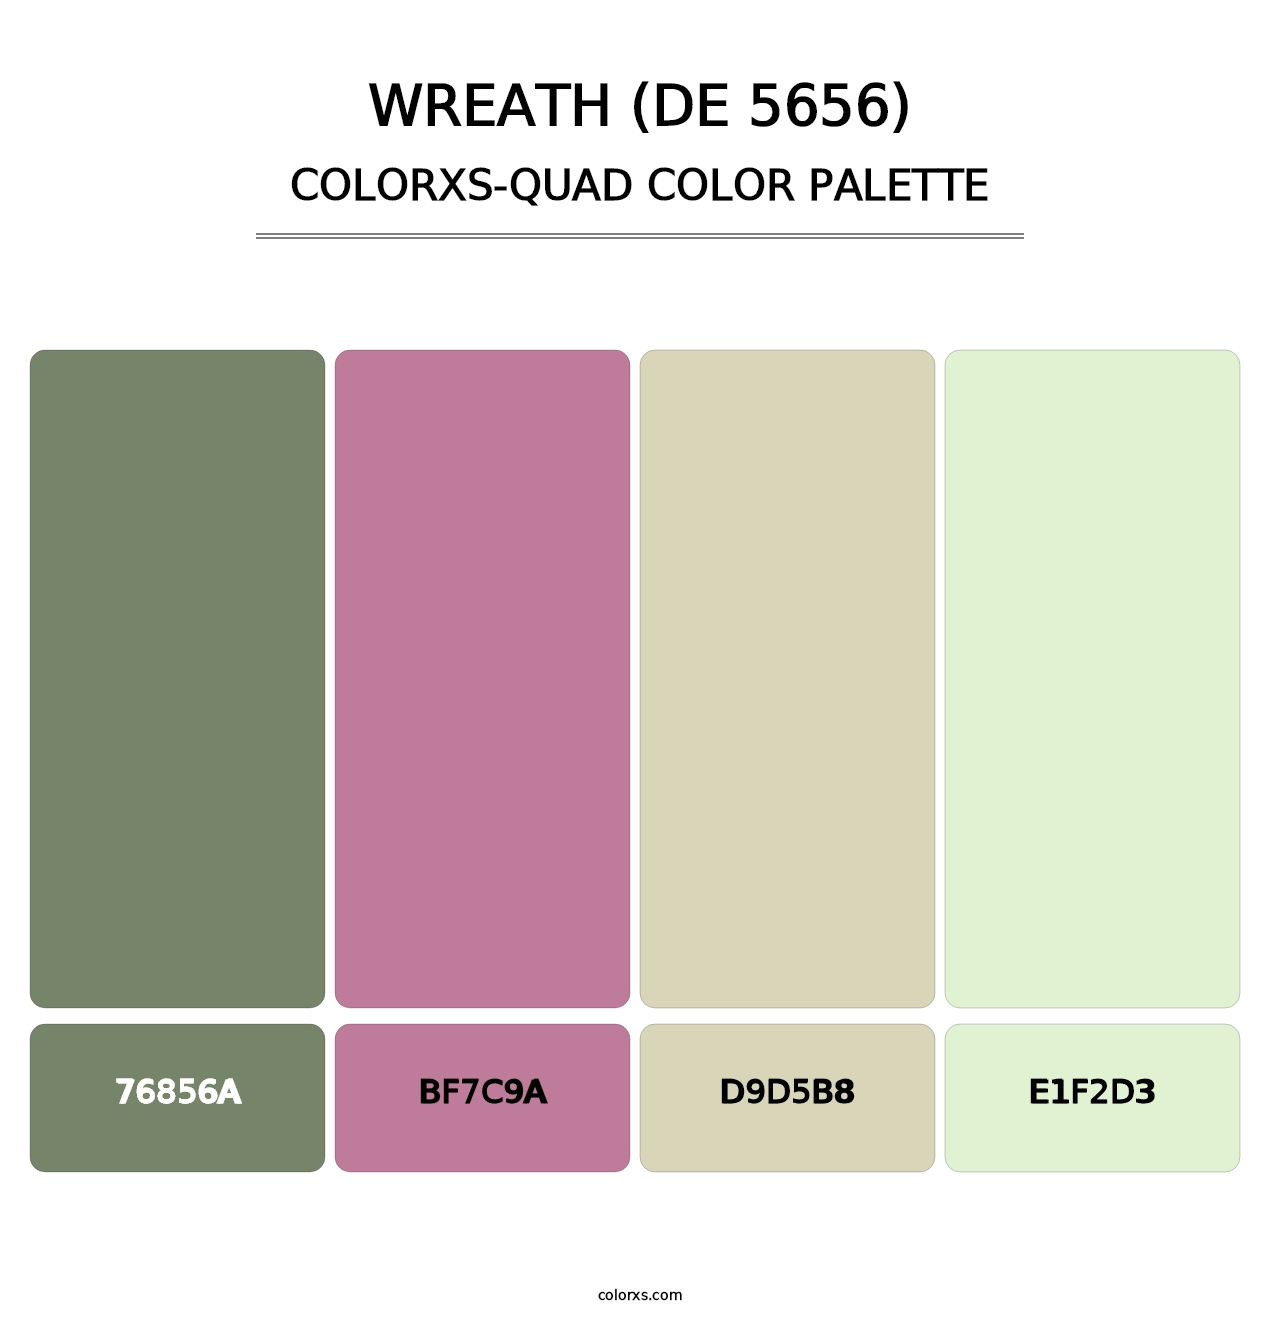 Wreath (DE 5656) - Colorxs Quad Palette
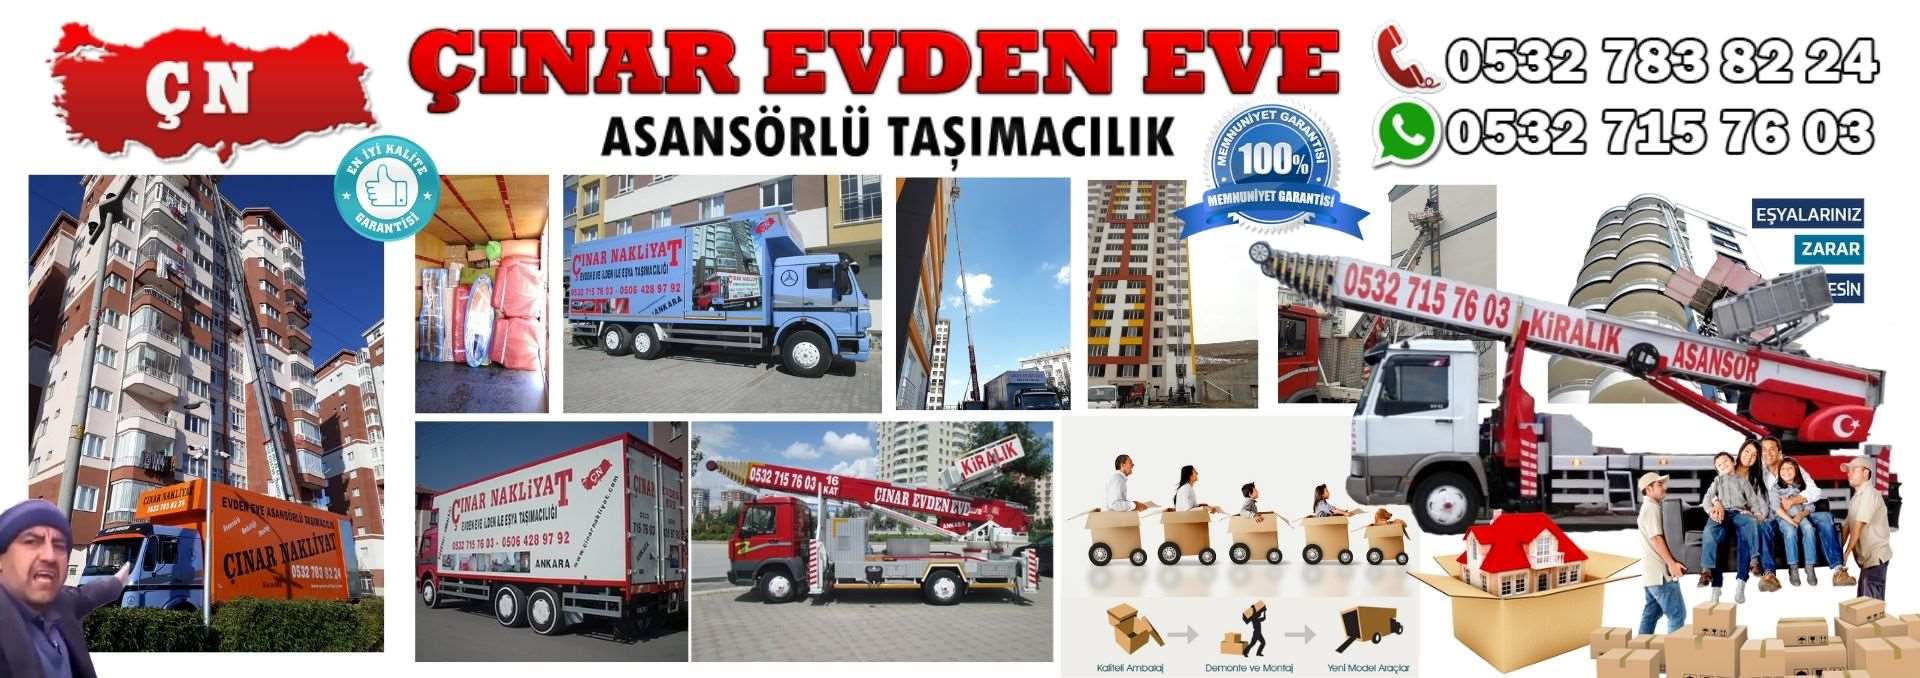 Ankara Sincan Evden Eve Asansörlü Ev Eşyası Taşıma 0532 715 76 03
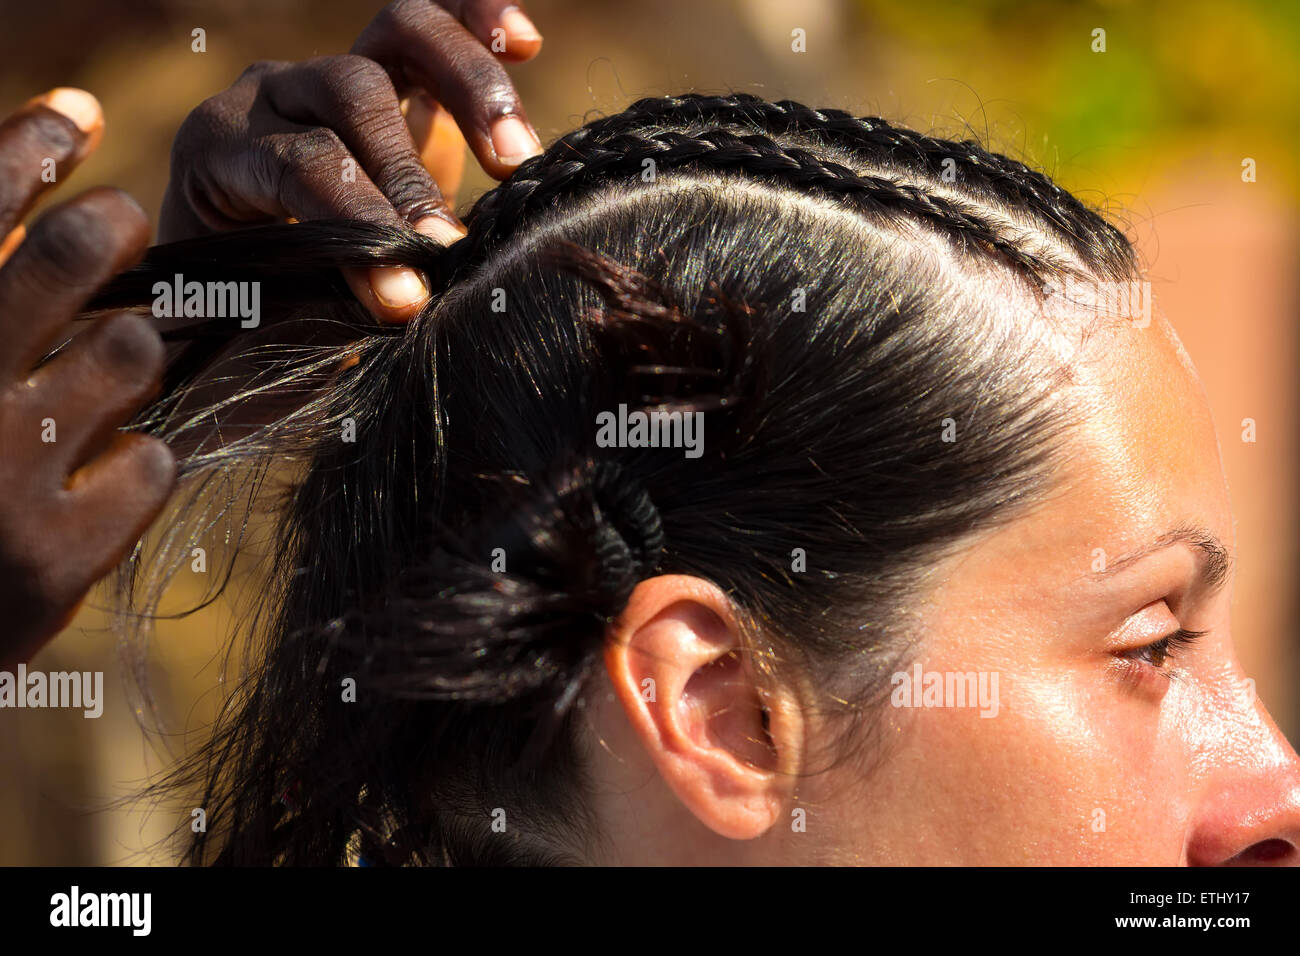 Traditionelle Afrikanische Frisuren Auf Weisse Frauen Stockfotografie Alamy
+ + +
→ **REQUIRED ACTION**
Provide a precise transcription of the listing, excluding each picture.

→ **TASK SOLUTION**
 Wreath (DE 5656) - Colorxs Quad Palette
 Ankara Sincan Evden Eve Asansörlü Ev Eşyası Taşıma 0532 715 76 03
 Traditionelle Afrikanische Frisuren Auf Weisse Frauen Stockfotografie Alamy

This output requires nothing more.